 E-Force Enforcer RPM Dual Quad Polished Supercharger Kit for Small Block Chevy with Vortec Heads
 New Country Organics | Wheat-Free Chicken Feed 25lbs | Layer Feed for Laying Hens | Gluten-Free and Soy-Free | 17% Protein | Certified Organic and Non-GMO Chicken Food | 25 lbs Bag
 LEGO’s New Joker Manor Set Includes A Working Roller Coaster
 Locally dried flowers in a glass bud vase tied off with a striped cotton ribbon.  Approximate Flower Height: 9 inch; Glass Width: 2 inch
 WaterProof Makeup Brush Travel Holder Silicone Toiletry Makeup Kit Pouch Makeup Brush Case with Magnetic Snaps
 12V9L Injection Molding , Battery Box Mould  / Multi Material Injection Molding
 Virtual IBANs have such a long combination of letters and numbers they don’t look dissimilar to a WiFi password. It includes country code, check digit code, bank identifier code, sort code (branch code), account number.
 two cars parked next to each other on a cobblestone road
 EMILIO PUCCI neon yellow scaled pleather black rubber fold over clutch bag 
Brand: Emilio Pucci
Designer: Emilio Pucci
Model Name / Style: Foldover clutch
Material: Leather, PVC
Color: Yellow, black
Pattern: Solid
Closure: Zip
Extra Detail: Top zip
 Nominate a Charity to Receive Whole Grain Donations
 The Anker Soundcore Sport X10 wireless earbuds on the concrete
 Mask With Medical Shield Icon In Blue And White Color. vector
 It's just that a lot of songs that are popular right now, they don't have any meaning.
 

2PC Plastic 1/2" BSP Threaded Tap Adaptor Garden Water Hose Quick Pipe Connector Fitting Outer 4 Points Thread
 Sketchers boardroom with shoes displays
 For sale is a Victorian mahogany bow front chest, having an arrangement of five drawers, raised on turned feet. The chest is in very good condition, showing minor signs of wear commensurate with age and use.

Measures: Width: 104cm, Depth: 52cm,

************

• _DIRECTIONS_:
Could you copy every record above exactly as it stands?

• _REPLY TO THE TASK_:
 E-Force Enforcer RPM Dual Quad Polished Supercharger Kit for Small Block Chevy with Vortec Heads
 New Country Organics | Wheat-Free Chicken Feed 25lbs | Layer Feed for Laying Hens | Gluten-Free and Soy-Free | 17% Protein | Certified Organic and Non-GMO Chicken Food | 25 lbs Bag
 LEGO’s New Joker Manor Set Includes A Working Roller Coaster
 Locally dried flowers in a glass bud vase tied off with a striped cotton ribbon.  Approximate Flower Height: 9 inch; Glass Width: 2 inch
 WaterProof Makeup Brush Travel Holder Silicone Toiletry Makeup Kit Pouch Makeup Brush Case with Magnetic Snaps
 12V9L Injection Molding , Battery Box Mould  / Multi Material Injection Molding
 Virtual IBANs have such a long combination of letters and numbers they don’t look dissimilar to a WiFi password. It includes country code, check digit code, bank identifier code, sort code (branch code), account number.
 two cars parked next to each other on a cobblestone road
 EMILIO PUCCI neon yellow scaled pleather black rubber fold over clutch bag 
Brand: Emilio Pucci
Designer: Emilio Pucci
Model Name / Style: Foldover clutch
Material: Leather, PVC
Color: Yellow, black
Pattern: Solid
Closure: Zip
Extra Detail: Top zip
 Nominate a Charity to Receive Whole Grain Donations
 The Anker Soundcore Sport X10 wireless earbuds on the concrete
 Mask With Medical Shield Icon In Blue And White Color. vector
 It's just that a lot of songs that are popular right now, they don't have any meaning.
 

2PC Plastic 1/2" BSP Threaded Tap Adaptor Garden Water Hose Quick Pipe Connector Fitting Outer 4 Points Thread
 Sketchers boardroom with shoes displays
 For sale is a Victorian mahogany bow front chest, having an arrangement of five drawers, raised on turned feet. The chest is in very good condition, showing minor signs of wear commensurate with age and use.

Measures: Width: 104cm, Depth: 52cm,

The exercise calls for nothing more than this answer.